New Black Lives Matter group serving Greater Burlington

Burlington, VT – Members of the greater Burlington community announced today the launching of Black Lives Matter of Greater Burlington. Black Lives Matter of Greater Burlington has been building networks with social justice groups in Burlington and across the state since the fall of 2017. The goal of the organization is to address institutional racism and racial disparities at all levels of Vermont society including policing, education, employment, and government representation. “We want to ensure that Vermonters of color, like all Vermonters, enjoy their freedom, justice, and peace uninhibited” says Jabari S. Jones, the group’s spokesperson.

“We are Vermonters, and congruent with the values of most Vermonters, we work to end institutionalized racism and all forms of discrimination.
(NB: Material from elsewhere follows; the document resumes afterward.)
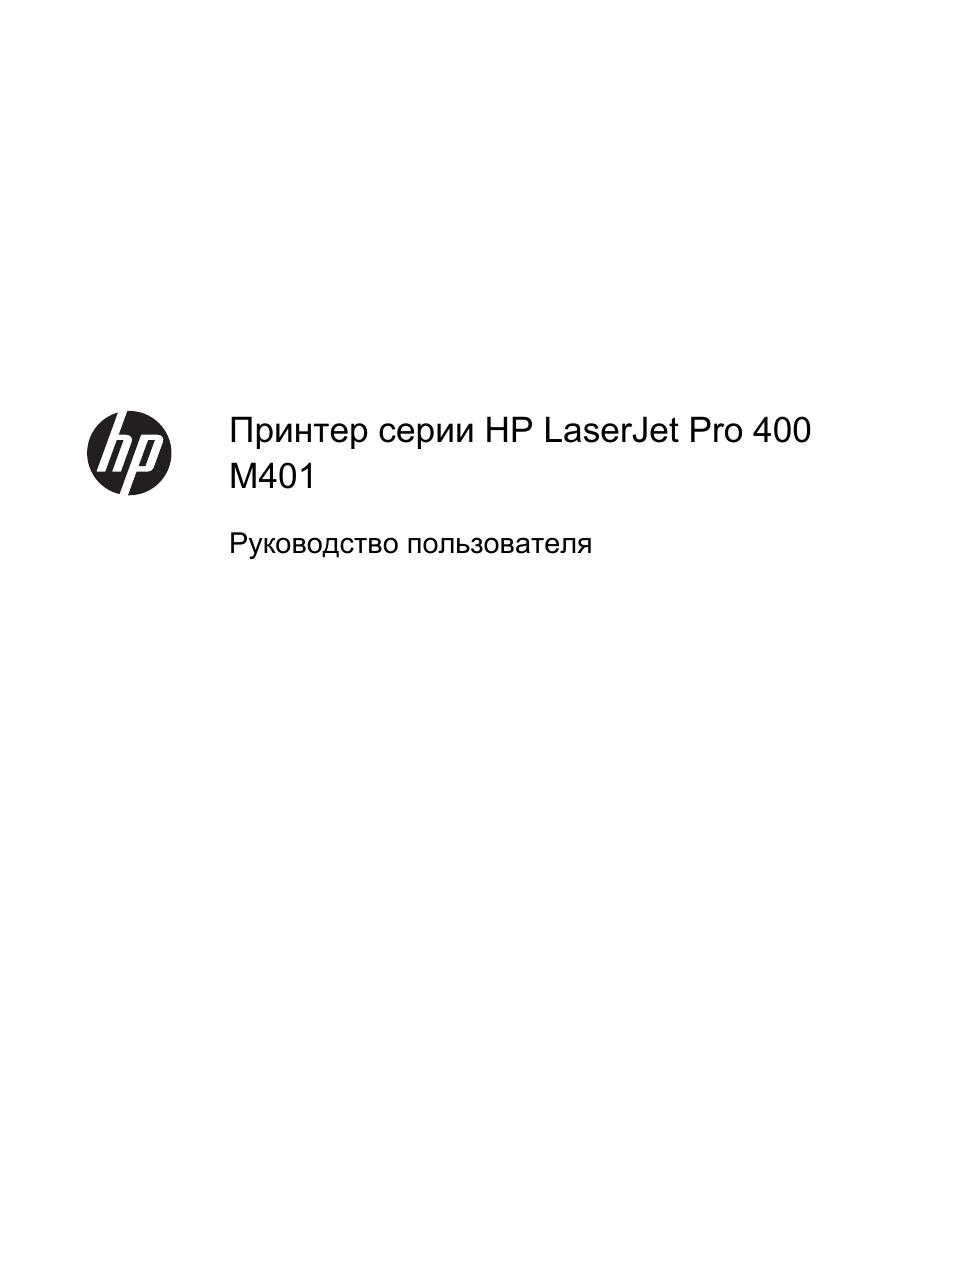 Принтер серии HP LaserJet Pro.

We aim to address everything that undermines the rights, freedoms, and potential of marginalized communities so that all lives will truly matter in this beautiful state,” says Jones. Black Lives Matter of Greater Burlington is led by the POC Caucus, a diverse group of people of color. BLM of Greater Burlington also includes a Caucus of white-identified people whose members and leadership share the same commitment to justice. This framework of establishing a POC Caucus and a white Caucus working in synergy reflects a new trend in racial justice organizing to create greater accountability and focus. The caucuses focus on building collective leadership with accountability and transparency, community, and healing towards collective liberation.

The POC Caucus was responsible for the initial call for a rally in South Burlington earlier this month to protest Patriot Front, a local white supremacist group. The rally gathered around 200 people from the area. As an organization, with many active members in our local colleges, we work closely with college students and staff against racist intimidation, fascist recruitment, and terroristic threats. Black Lives Matter of Greater Burlington is also active in the Vermont Coalition for Ethnic and Social Equity in Schools, supports the passage of H.794, and works closely with community members and students to address the impact of institutional racism in stunting the potential of children of color and the possibilities for growth for all children. “We know that no one is born racist and that racism is learned and as such, can be unlearned,” says Jones. Black Lives Matter of Greater Burlington meets monthly and welcomes new members who want an active role in dismantling institutionalized racism in Vermont.